> Work instructions: Output exactly the lines below, starting with the line that has "Medaglie e bandiere" and going on through the line that has "67787cb5c Носки мужские", both included, and no other lines.

(Extracted data entries)
- Opening Delimiter -

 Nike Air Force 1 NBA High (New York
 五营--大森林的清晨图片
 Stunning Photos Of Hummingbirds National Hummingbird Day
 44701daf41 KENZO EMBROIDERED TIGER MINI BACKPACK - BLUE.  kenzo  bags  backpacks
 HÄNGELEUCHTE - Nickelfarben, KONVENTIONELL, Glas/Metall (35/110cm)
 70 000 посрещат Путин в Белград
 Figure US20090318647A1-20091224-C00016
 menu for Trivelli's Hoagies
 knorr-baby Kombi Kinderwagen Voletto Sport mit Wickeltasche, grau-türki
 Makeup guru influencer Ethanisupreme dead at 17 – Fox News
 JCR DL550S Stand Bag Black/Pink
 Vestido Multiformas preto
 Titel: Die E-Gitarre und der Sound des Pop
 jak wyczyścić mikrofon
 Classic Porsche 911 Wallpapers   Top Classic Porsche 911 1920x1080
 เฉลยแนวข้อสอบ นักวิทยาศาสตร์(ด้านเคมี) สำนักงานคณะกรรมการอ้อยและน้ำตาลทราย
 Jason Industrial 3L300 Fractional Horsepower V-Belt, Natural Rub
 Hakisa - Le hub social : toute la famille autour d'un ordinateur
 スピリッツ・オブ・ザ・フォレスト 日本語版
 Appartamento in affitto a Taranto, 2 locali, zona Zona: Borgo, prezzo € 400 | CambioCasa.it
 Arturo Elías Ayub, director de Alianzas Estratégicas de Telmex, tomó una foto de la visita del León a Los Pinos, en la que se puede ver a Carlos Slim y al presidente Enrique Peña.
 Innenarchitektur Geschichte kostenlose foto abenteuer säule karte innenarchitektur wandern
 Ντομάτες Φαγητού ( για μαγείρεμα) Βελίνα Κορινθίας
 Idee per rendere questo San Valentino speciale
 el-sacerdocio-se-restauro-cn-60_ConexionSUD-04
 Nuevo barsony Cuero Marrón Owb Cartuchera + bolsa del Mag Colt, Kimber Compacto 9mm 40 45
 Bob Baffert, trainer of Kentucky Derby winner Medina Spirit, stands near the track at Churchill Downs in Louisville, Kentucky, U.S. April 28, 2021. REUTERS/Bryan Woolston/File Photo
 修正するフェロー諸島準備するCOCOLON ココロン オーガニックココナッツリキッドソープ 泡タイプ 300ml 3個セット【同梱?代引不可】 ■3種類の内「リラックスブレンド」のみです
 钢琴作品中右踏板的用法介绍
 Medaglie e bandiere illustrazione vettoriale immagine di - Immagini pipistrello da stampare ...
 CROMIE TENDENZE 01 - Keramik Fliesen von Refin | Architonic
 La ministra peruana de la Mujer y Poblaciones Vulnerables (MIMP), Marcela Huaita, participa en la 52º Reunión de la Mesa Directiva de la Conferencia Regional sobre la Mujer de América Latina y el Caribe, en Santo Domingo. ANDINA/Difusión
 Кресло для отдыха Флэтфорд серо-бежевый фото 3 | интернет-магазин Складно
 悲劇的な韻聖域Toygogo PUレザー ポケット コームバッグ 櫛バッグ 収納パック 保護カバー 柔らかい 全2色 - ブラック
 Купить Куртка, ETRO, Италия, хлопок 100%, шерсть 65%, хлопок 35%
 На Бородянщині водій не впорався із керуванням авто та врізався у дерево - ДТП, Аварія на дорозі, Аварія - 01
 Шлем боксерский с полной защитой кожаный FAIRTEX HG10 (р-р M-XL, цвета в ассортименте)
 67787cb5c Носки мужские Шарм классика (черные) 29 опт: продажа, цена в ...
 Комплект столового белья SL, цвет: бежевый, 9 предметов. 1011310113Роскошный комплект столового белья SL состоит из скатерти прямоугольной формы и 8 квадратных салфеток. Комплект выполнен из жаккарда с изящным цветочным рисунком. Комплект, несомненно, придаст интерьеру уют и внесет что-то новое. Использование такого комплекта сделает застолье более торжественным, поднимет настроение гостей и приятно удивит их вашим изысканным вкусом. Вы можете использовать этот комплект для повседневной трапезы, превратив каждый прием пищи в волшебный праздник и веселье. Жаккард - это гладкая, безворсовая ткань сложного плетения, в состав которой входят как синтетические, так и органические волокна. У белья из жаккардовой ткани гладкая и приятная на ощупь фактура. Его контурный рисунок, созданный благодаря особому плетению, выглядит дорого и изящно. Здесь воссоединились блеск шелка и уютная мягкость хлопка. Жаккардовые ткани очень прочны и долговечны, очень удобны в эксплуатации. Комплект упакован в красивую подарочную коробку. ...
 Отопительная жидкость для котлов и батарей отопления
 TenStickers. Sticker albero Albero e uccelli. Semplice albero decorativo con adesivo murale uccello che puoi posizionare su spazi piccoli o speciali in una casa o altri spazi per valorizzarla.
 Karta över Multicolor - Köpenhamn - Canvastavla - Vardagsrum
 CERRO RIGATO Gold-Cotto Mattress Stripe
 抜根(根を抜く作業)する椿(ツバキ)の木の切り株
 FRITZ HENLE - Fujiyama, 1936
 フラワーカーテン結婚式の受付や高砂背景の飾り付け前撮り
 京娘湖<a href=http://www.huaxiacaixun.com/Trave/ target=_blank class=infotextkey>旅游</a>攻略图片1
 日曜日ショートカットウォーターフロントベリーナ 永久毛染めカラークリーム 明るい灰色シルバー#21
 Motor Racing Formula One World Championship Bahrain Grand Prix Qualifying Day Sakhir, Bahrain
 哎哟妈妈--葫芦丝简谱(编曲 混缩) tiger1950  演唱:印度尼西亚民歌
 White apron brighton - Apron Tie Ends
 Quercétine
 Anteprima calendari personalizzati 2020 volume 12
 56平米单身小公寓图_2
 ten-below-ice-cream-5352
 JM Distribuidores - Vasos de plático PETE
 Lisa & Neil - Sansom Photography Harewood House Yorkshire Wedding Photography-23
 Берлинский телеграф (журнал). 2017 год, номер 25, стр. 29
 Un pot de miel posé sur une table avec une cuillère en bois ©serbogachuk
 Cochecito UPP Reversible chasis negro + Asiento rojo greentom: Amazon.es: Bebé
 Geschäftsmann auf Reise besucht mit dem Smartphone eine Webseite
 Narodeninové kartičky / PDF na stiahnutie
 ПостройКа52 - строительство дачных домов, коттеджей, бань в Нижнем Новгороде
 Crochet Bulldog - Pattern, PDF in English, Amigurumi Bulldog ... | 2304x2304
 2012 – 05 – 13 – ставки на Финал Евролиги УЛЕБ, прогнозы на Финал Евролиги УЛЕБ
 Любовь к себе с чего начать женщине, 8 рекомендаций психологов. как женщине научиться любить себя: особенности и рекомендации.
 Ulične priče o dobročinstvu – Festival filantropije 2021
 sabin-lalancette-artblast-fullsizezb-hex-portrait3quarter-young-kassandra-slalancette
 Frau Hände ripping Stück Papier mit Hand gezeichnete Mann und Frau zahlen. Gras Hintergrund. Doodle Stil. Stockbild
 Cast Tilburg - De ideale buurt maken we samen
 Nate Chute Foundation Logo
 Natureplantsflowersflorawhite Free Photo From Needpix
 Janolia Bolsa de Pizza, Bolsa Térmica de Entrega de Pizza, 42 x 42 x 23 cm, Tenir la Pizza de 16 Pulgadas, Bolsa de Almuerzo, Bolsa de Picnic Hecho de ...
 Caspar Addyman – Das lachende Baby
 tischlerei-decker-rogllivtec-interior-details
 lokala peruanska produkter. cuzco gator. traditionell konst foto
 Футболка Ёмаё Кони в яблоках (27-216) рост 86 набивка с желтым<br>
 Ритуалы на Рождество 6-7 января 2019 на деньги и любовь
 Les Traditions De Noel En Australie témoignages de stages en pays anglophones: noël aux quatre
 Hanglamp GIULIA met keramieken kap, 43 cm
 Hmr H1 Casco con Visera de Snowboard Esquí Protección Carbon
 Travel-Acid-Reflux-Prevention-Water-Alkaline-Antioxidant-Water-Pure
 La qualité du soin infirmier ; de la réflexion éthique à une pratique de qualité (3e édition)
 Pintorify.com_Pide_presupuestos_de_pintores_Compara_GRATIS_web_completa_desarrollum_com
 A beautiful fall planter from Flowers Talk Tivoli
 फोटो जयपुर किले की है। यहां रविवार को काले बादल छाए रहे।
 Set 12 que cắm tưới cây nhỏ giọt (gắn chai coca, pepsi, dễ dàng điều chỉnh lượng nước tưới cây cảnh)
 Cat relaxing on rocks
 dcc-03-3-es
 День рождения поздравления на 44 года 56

- Closing Delimiter -

> Answer to this task:
 Medaglie e bandiere illustrazione vettoriale immagine di - Immagini pipistrello da stampare ...
 CROMIE TENDENZE 01 - Keramik Fliesen von Refin | Architonic
 La ministra peruana de la Mujer y Poblaciones Vulnerables (MIMP), Marcela Huaita, participa en la 52º Reunión de la Mesa Directiva de la Conferencia Regional sobre la Mujer de América Latina y el Caribe, en Santo Domingo. ANDINA/Difusión
 Кресло для отдыха Флэтфорд серо-бежевый фото 3 | интернет-магазин Складно
 悲劇的な韻聖域Toygogo PUレザー ポケット コームバッグ 櫛バッグ 収納パック 保護カバー 柔らかい 全2色 - ブラック
 Купить Куртка, ETRO, Италия, хлопок 100%, шерсть 65%, хлопок 35%
 На Бородянщині водій не впорався із керуванням авто та врізався у дерево - ДТП, Аварія на дорозі, Аварія - 01
 Шлем боксерский с полной защитой кожаный FAIRTEX HG10 (р-р M-XL, цвета в ассортименте)
 67787cb5c Носки мужские Шарм классика (черные) 29 опт: продажа, цена в ...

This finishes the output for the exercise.